Find the shortest path starting from node s and ending at node t. Generate step-by-step directions of such path as a string consisting of only the uppercase letters 'L', 'R', and 'U'. Each letter indicates a specific direction:

'L' means to go from a node to its left child node.
'R' means to go from a node to its right child node.
'U' means to go from a node to its parent node.
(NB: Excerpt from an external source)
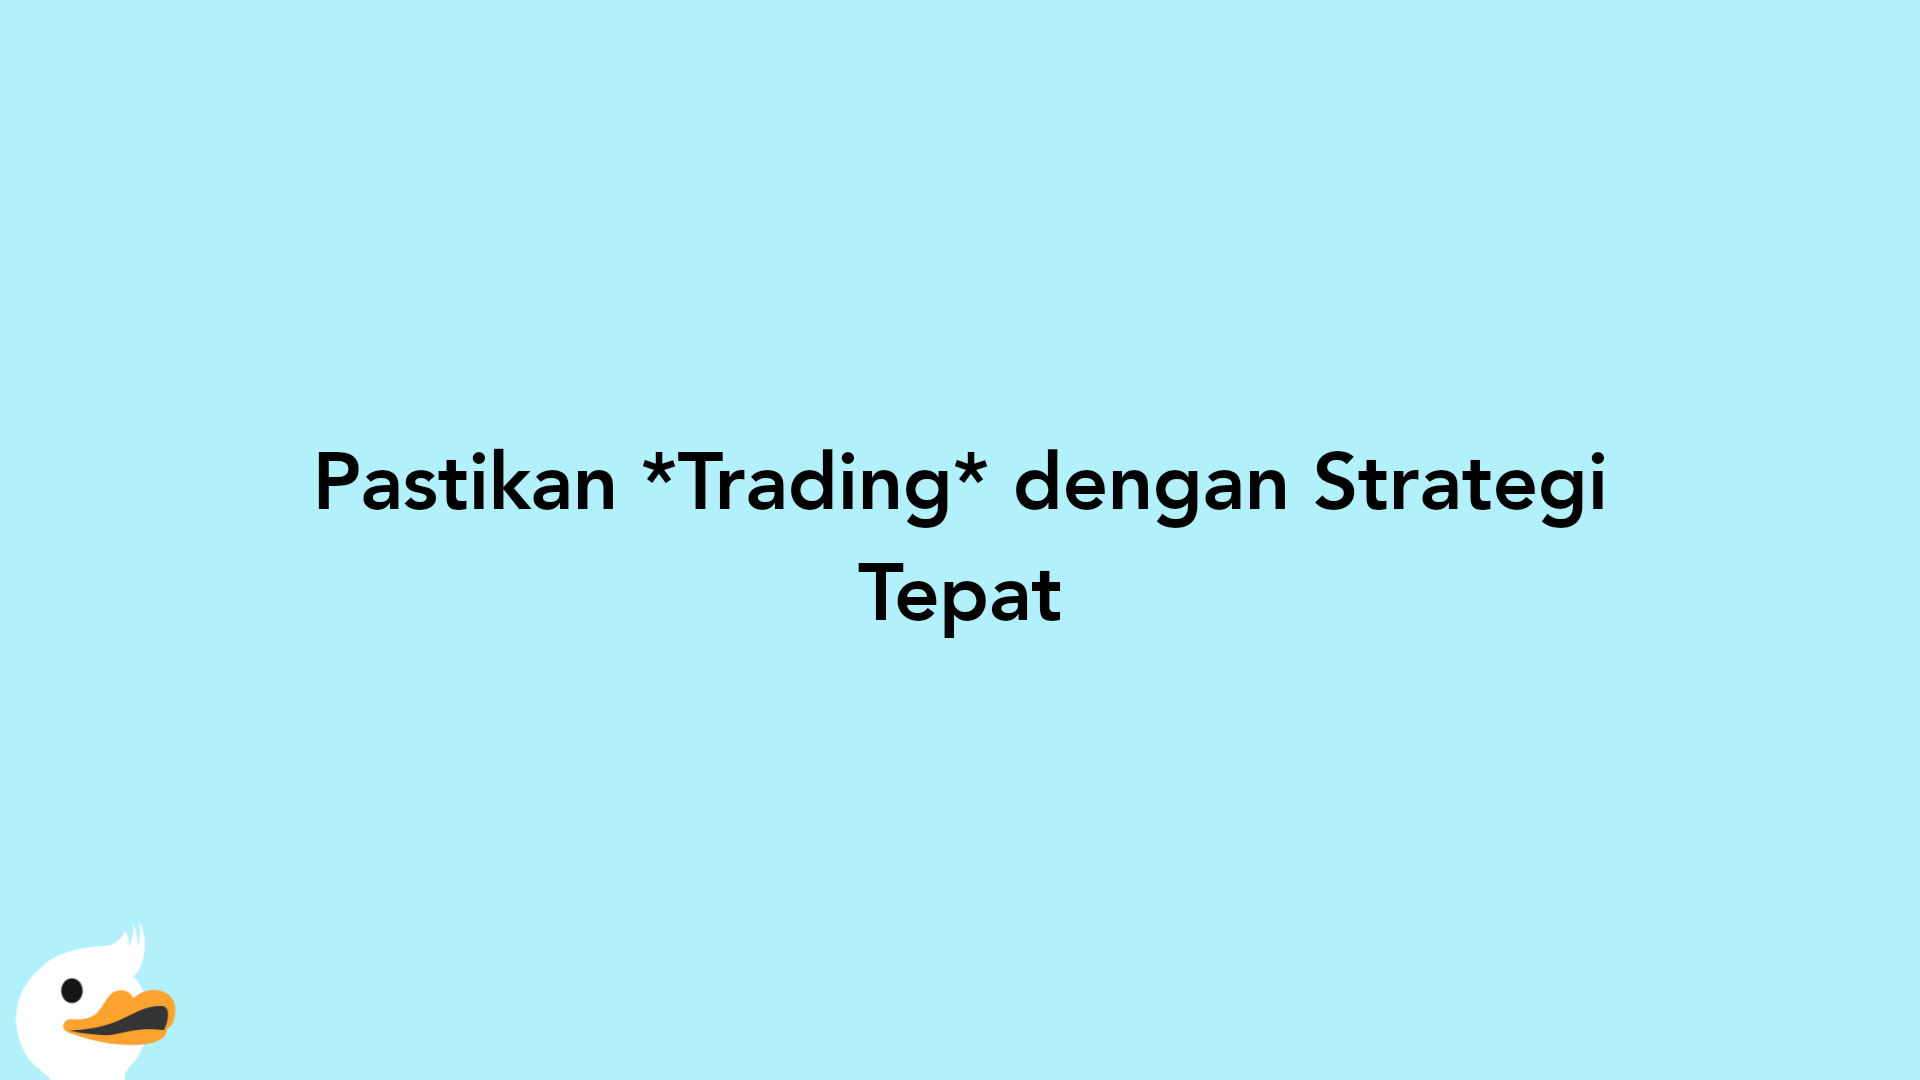 Pastikan Trading dengan Strategi Tepat

Return the step-by-step directions of the shortest path from node s to node t.

Example 1:

Example 1

Input: root = [5,1,2,3,null,6,4], startValue = 3, destValue = 6

Output: "UURL"

Explanation: The shortest path is: 3 → 1 → 5 → 2 → 6.

Example 2:

Example 2

Input: root = [2,1], startValue = 2, destValue = 1

Output: "L"

Explanation: The shortest path is: 2 → 1.

Constraints:

The number of nodes in the tree is n.
2 <= n <= 10^5
1 <= Node.val <= n
All the values in the tree are unique.
1 <= startValue, destValue <= n
startValue != destValue

Solution

Let $\text{path(node1, node2)}$ denote the path from $\text{node1}$ to $\text{node2}$ .

First consider the case where $\text{path(start, end)}$ goes through the root. Let's split this into $\text{path(start, root)} + \text{path(root, end)}$ . We can perform a DFS (depth first search) to get $\text{path(root, end)}$ . This path consists of 'L's and 'R's. We can do another DFS to get $\text{path(root, start)}$ . Replacing the 'L's and 'R's of $\text{path(root, start)}$ with 'U's gives us $\text{path(start, root)}$ . Now we can concatenate $\text{path(start, root)}$ and $\text{path(root, end)}$ to get the answer.

In the general case, $\text{path(start, end)}$ may not go through the root. Notice that this path goes up a non-negative number of times ( $\verb|"U"|$ s) before going down a non-negative number of times ( $\verb|"L"|$ s or $\verb|"R"|$ s). The highest node in this path is known as the LCA (lowest common ancestor) of $\text{start}$ and $\text{end}$ .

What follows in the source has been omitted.